Once the VM instance is ready, install the latest stable Scout Suite release. SSH into the instance using the browser-based SSH option in Google Cloud console (or your preferred SSH client) and run the following commands. By default, Google Cloud VMs have Python 3.8 and gcloud CLI packages pre-installed.
# Update the package metadata to the latest version
sudo apt update && sudo apt upgrade
# Install Python virtual environment
sudo apt install python3-virtualenv
# Create a Python virtual env and install Scout Suite via pip
virtualenv -p python3 venv
source venv/bin/activate
pip install scoutsuite
# For Google Cloud, review the Scout Suite commands available
scout gcp -h
Run a Cloud Security Scan
To run a scan in the context of the logged-in user account, run the following commands. Authorize the user access request in your browser to continue.
- For a specific project:
scout gcp -u --project-id <PROJECT_ID>
- For a specific folder:
scout gcp -u --folder-id <FOLDER_ID>
- For the entire organization:
scout gcp -u --organization-id <ORGANIZATION_ID>
- For all projects that the user has access to:
scout gcp -u --all-projects
To run a scan in the context of the previously created service account, use -s <SA_KEY_FILE.json>
instead of the -u
flag.
If the requisite Google Cloud APIs have been enabled, and the user/service account has the necessary permissions, the scan will execute and complete shortly. You may see some errors for services that are not being used, but you can ignore those. The scan results will be stored under the scoutsuite-report
folder.
If you ran the scan on your local workstation, you can simply launch the gcp-<PROJECT_ID>.html
file in your browser to view the results. If you used a Google Cloud VM, you'll need to copy/move the scan results to a different location. I used Google Cloud Storage as a hop between the VM and my workstation.

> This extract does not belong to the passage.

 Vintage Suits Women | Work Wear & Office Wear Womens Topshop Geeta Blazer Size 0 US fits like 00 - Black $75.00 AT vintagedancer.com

# Run the following on the Google Cloud VM (assuming bucket exists)
gsutil cp -r scoutsuite-report gs://<bucket-name>
# Run the following on your workstation (assuming you have gcloud)
gsutil cp -r gs://<bucket-name> Downloads
View Scout Suite Results
Scout Suite offers a neatly formatted summary dashboard, with a drill down into different categories and the individual findings.

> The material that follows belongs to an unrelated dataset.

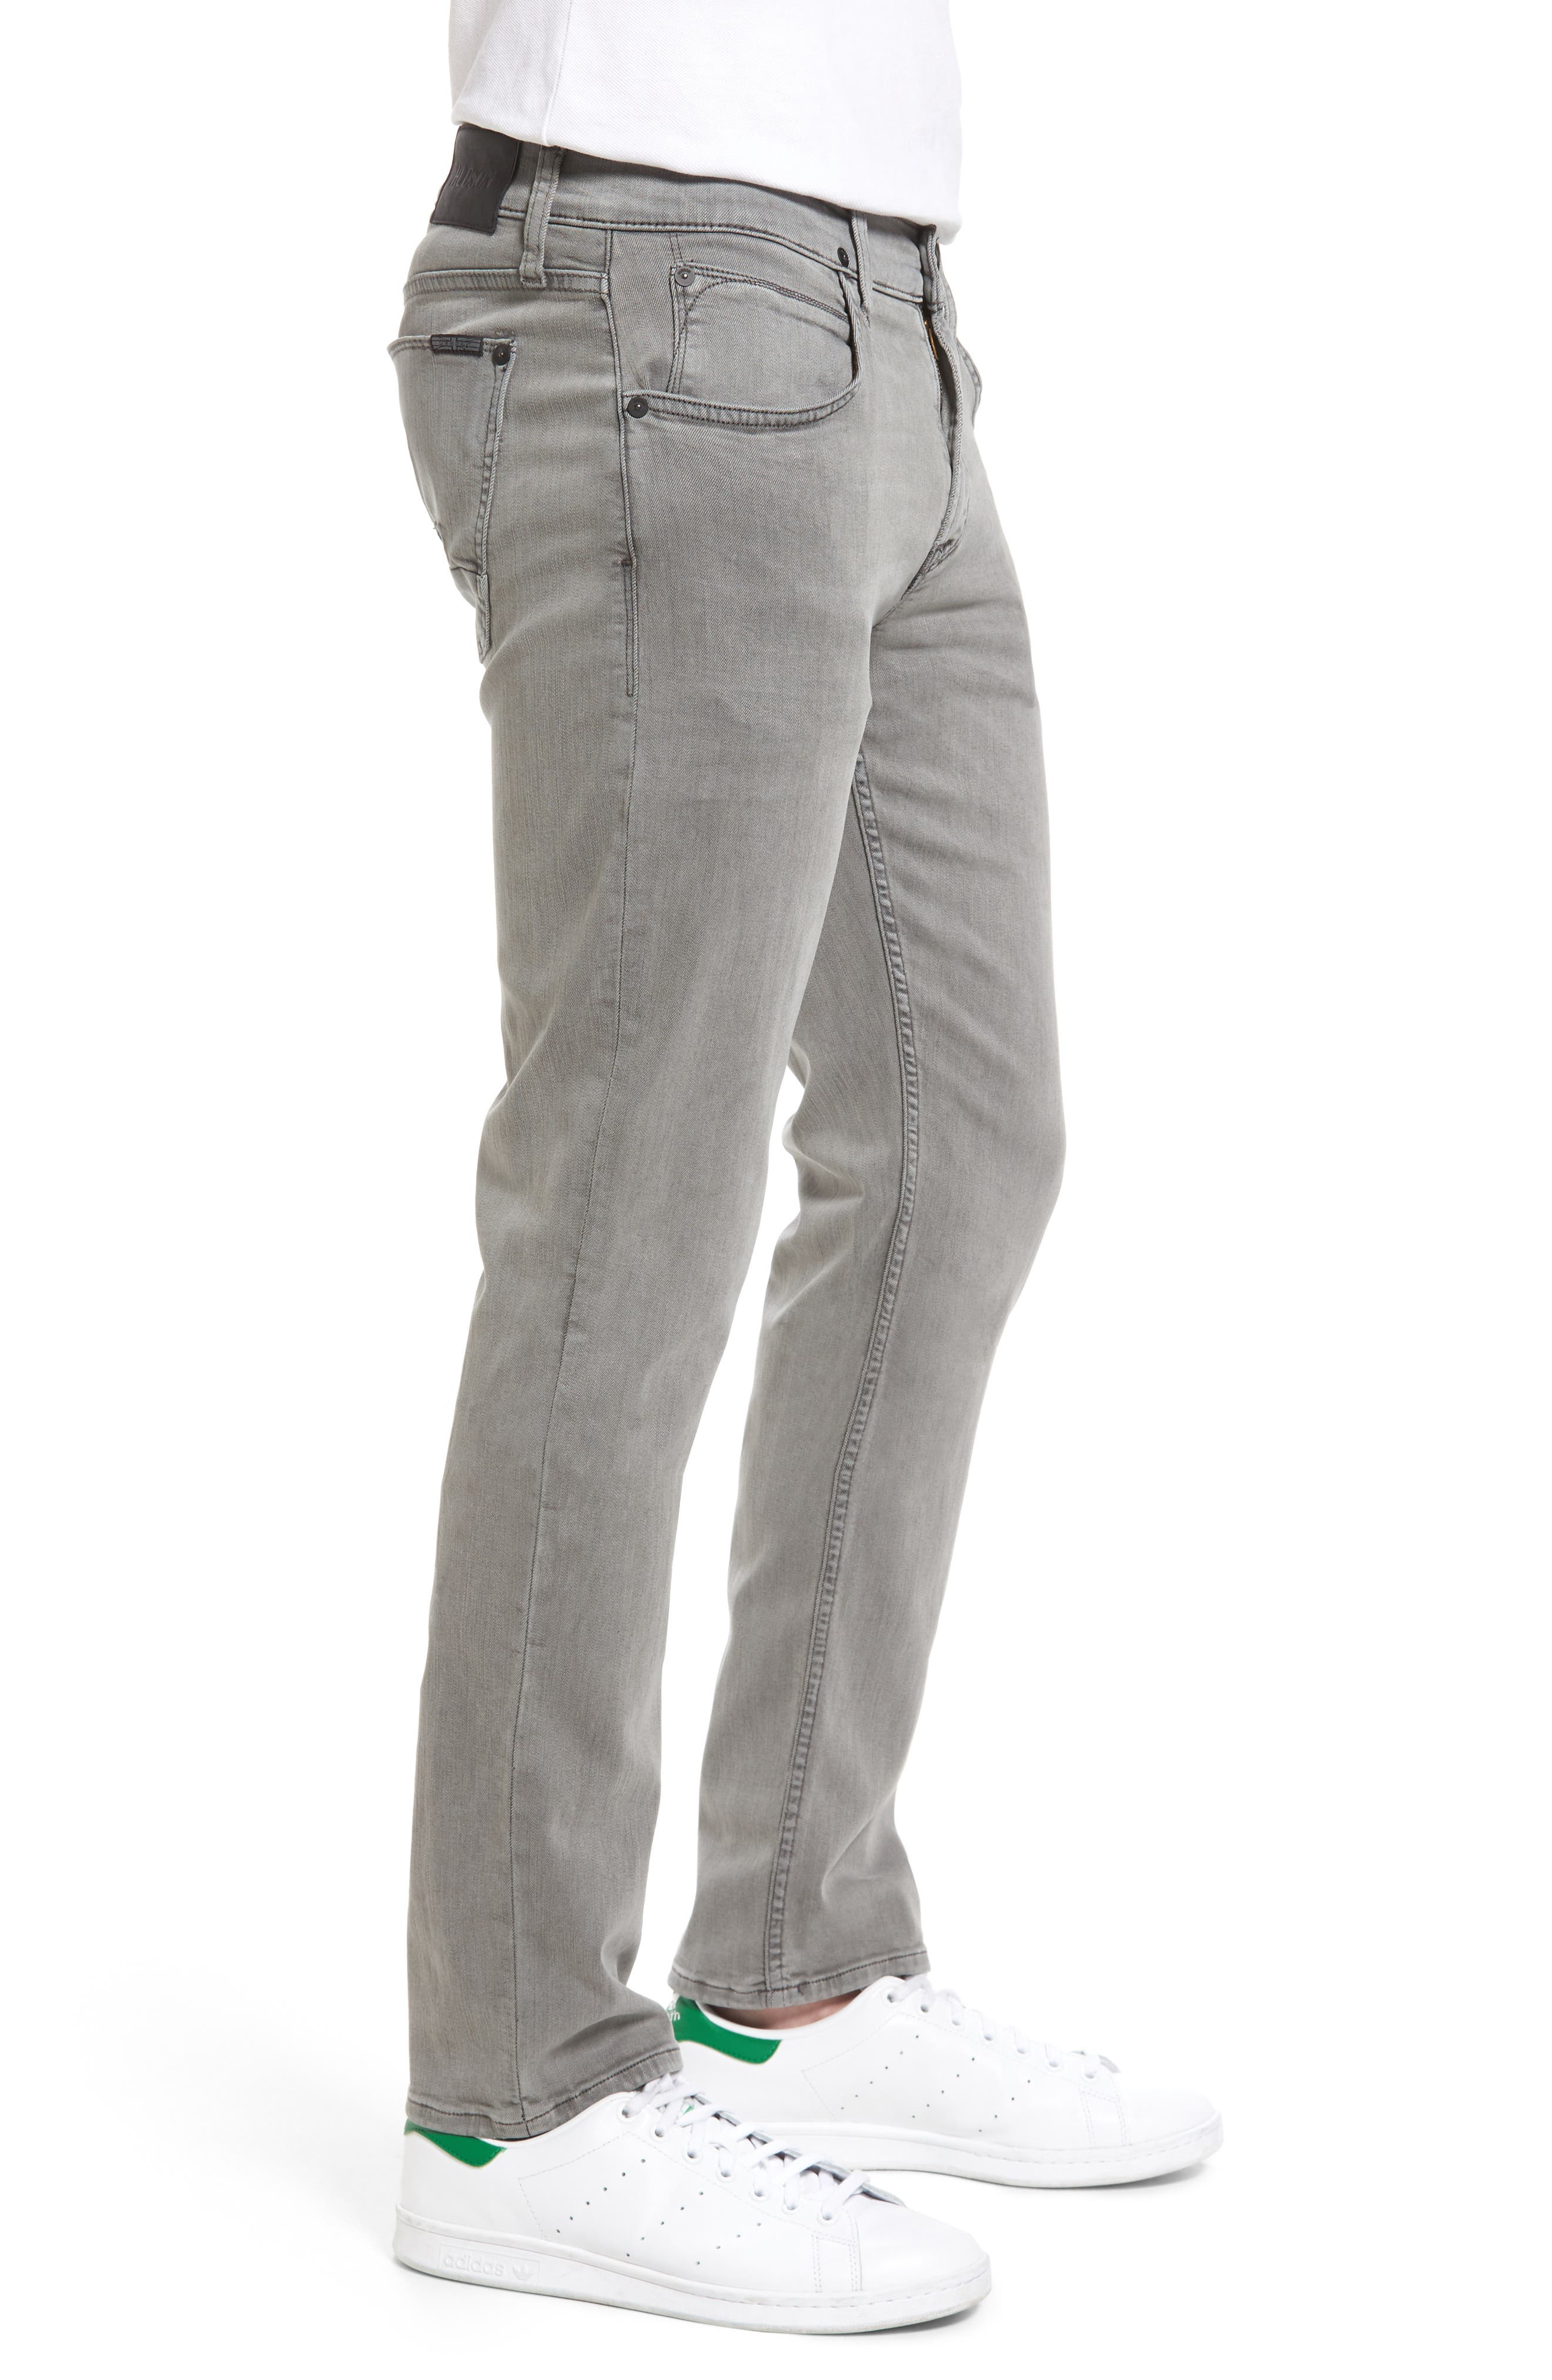 Blake Slim Fit Jeans,                             Alternate thumbnail 3, color,                             Barriers

Here's a sample finding for Google Compute Engine - there is a clear description of the problem, along with remediation guidance and relevant references. You can click on the finding to get details on the resource(s) that violated this check.
Well, that's it. Scout Suite may not be a full-fledged replacement for commercial CSPM tools, but it is definitely a handy open-source tool to have in your arsenal.